The following is a brief summary of some of the thoughts said over by R' Frand on the parsha this evening. I have attempted to reproduce these vorts to the best of my ability. Any perceived inconsistency is the result of my efforts to transcribe the shiur and should not be attributed to R' Frand.
In Shemos 35:30, Moshe tells the Jewish people that they should see that Hashem has called Betzalel the son of Uri the son of Hur of the tribe of Judah. Moshe further explains that Hashem has given Betzalel the wisdom and insight to craft the Mishkan.
(At the time that Betzalel was selected to work on the Mishkan he was 13 years old!)
The pasuk itself is reminiscent of another pasuk in Parshas Ki Sissa (Shemos 31:2) where Hashem tells Moshe that Hashem has has called Betzalel the son of Uri the son of Hur of the tribe of Judah. Moshe again explains that Hashem has given Betzalel the wisdom and insight to craft the Mishkan.
R' Frand noted that the pesukim were odd in that not only was Betzalel's father mentioned, but his grandfather was identified as well. R' Frand also quoted Rashi who underscores that Hur was the son of Miriam. R' Frand then asked why did Rashi need to tell us this as it is well known that Hur was Miriam's son?
R' Frand first addressed the mention of Hur by quoting the well known Medrash on Vaykhel which states that Betzalel received the honor in the merit of his grandfather who refused to bow to popular pressure when there was a swell of support for building the Golden Calf.

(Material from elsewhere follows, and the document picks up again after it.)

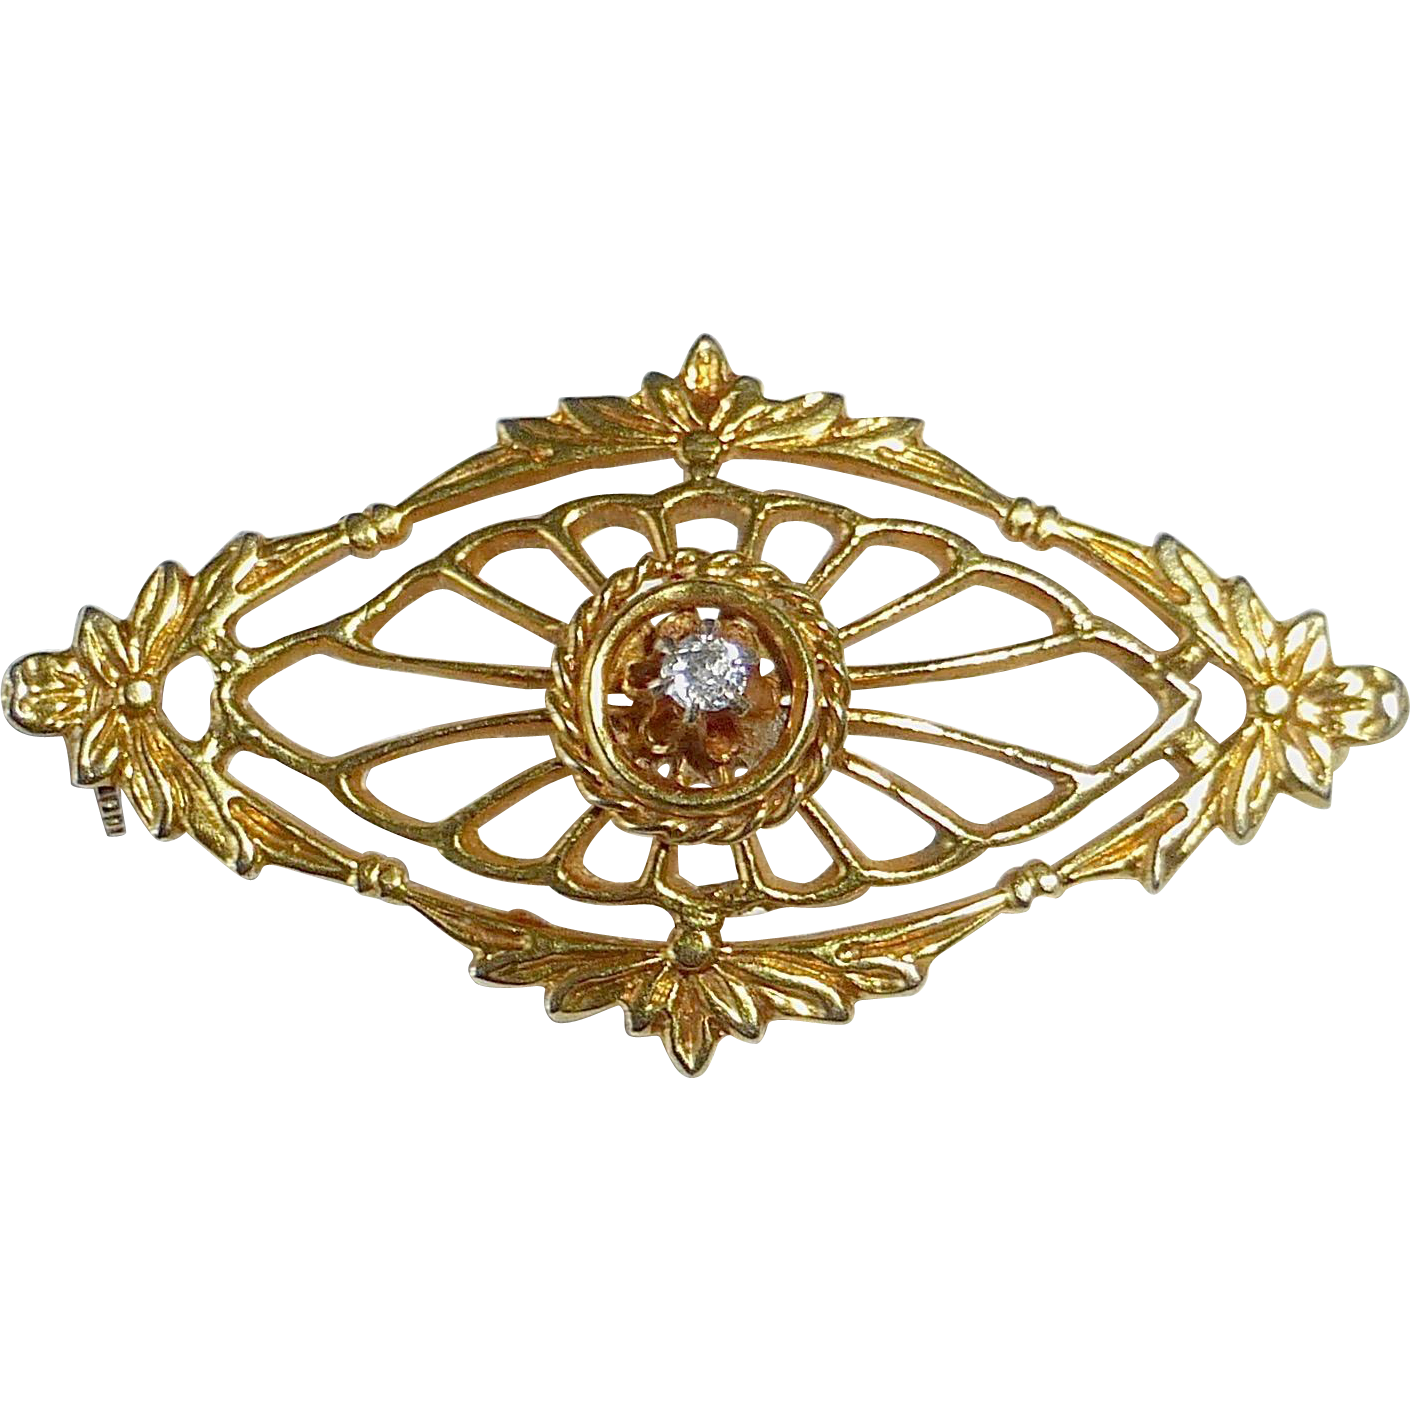 Antique 10k Yellow Gold Filigree Lace Pin w Mine Cut Diamond

R' Frand then asked - in hindsight, was it proper for Hur to stand up against the masses when they did not listen to him and ultimately killed him for saying no? R' Frand answered that Hur did do the right thing, because sometimes a person needs to stand up for what he believes in, and even if he does not think that others will listen to him.
Where did Hur learn this from? The answer is that he saw this in his mother Miriam.

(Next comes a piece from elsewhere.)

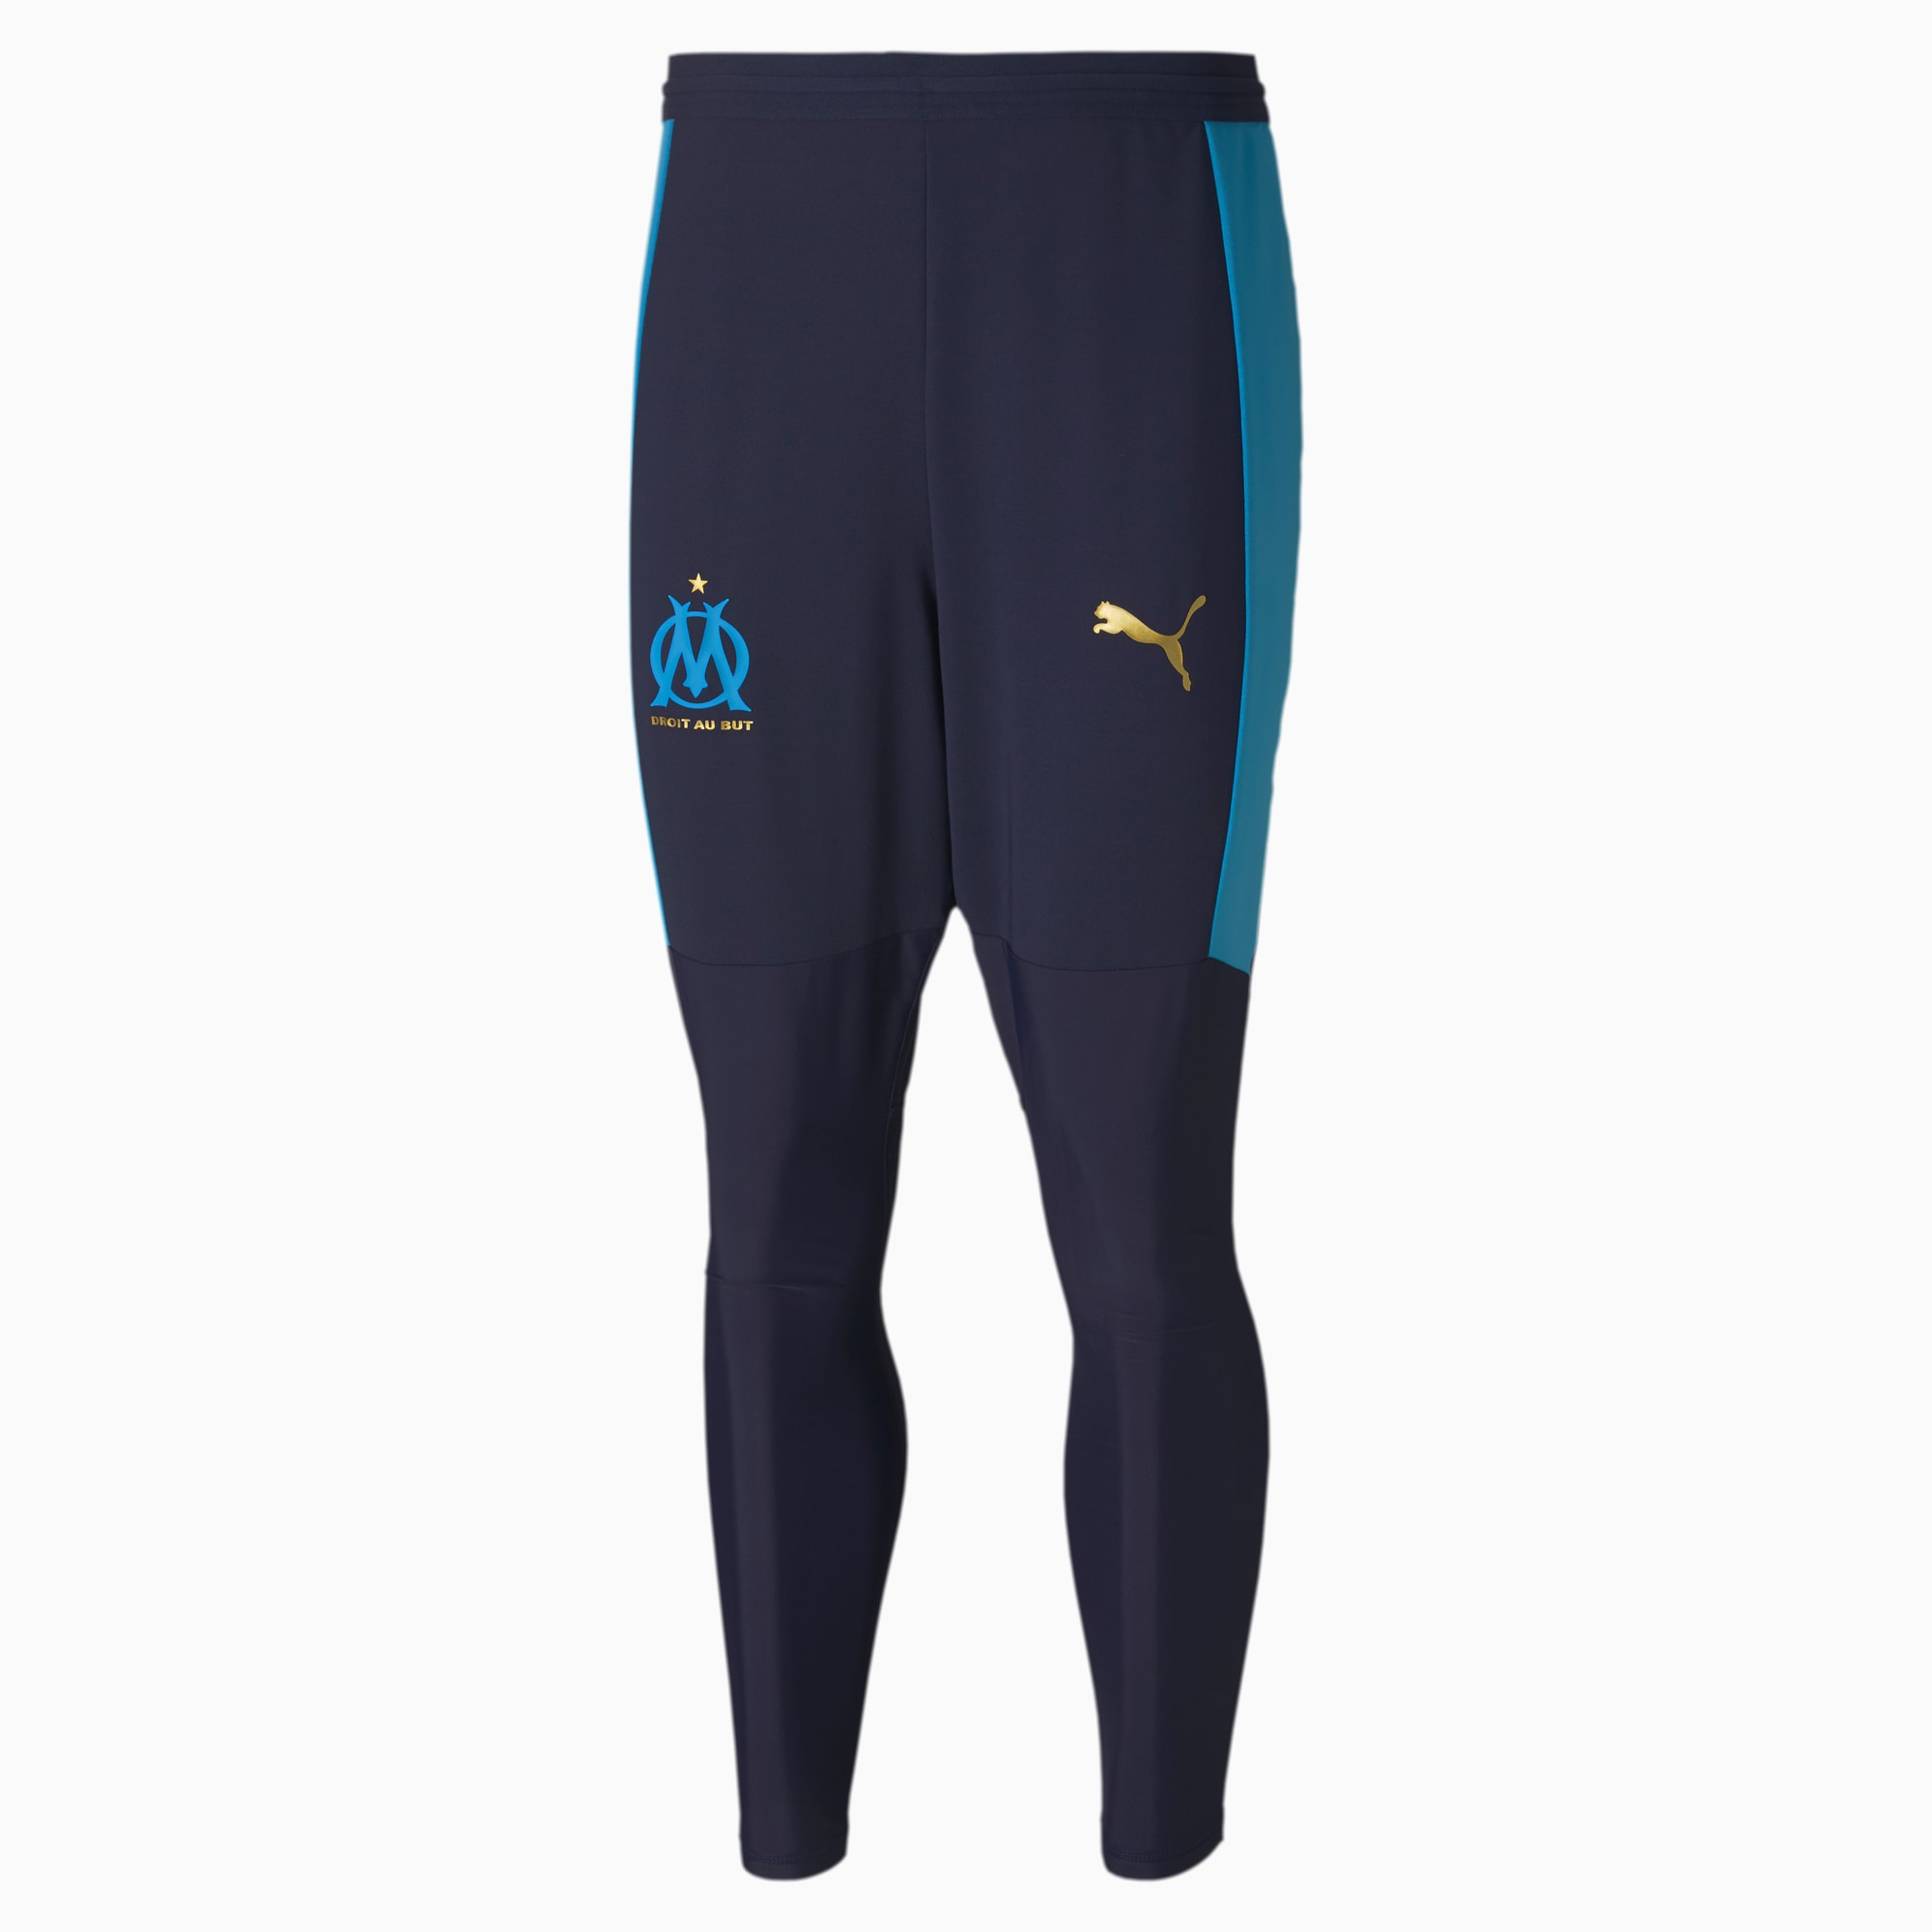 puma -  Olympique de Marseille Pro Herren Trainingshose | Blau | Größe: L

R' Frand identified four specific moments that Miriam stood up for ideas, even though unpopular and they seemed unlikely to succeed.

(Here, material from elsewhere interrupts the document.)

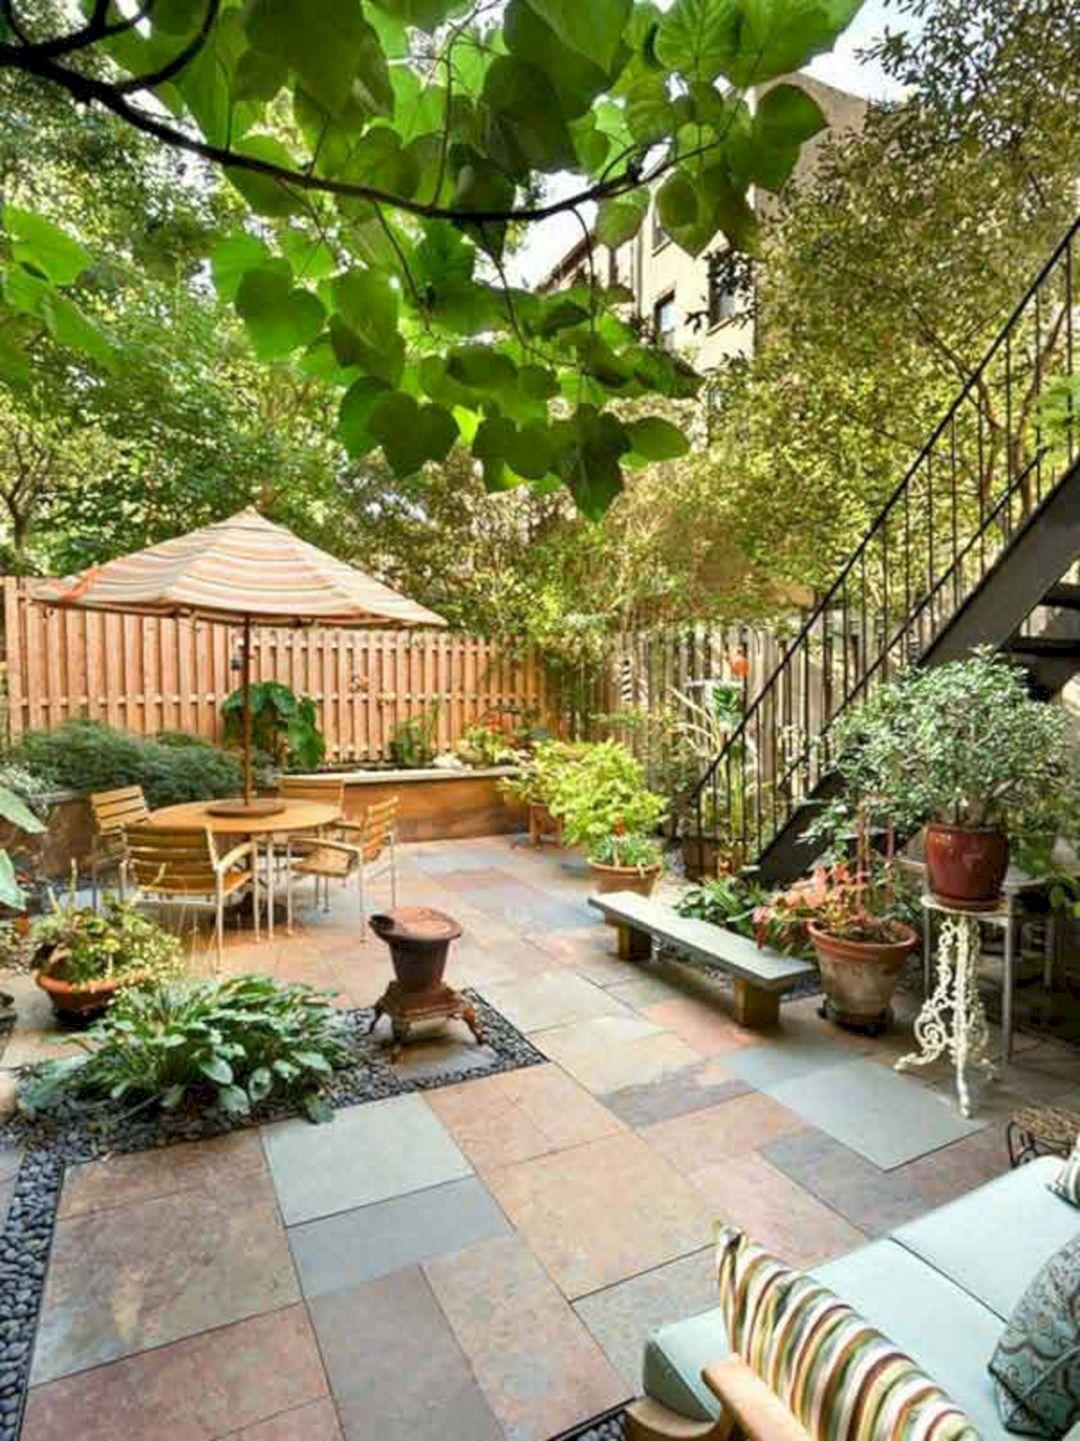 Small backyard patio landscaping ideas small backyard for Small backyard renovations

The first event was when Amram divorced Yocheved because Amram saw all the Jewish babies being killed by the Egyptians. Although Amram was the lead Rabbi for the Jews in Egypt, his toddler daughter Miriam reproached him for divorcing Yocheved and told him he was worse than Pharaoh. Although Miriam could not have believed that she would succeed in convincing her father, she knew that he was wrong and that she needed to try to influence him.
The next event took place when Moshe was placed by Miriam in the basket in the water. After Miriam saw that the daughter of Pharaoh had retrieved Moshe, Miriam approached her and told her that she should give the baby to a Jewish midwife. Again, this must have seemed like a longshot - why would the daughter of Pharaoh listen to a slave girl? Still Miriam stood up and spoke about what she believed in.
The third event involved the singing after the Jews crossed the Yam Suf. The women were upset and expressed to Miriam their displeasure in not being able to sing. The Tosafos Harosh explains that Miriam picked up a tambourine and encouraged them to sing - because she knew that they wanted to sing and that the noise would drown out their singing.
The final event involved the spinning of thread for the Mishkan. The gemara relates that the women spun thread into wool while it was still on the sheep. Miriam actually taught them to do this because the women wanted to participate, but were concerned that they would be unable to do so if they were niddos. To solve the problem, Miriam taught them to spin thread while it was still on the sheep and not capable of becoming tamei.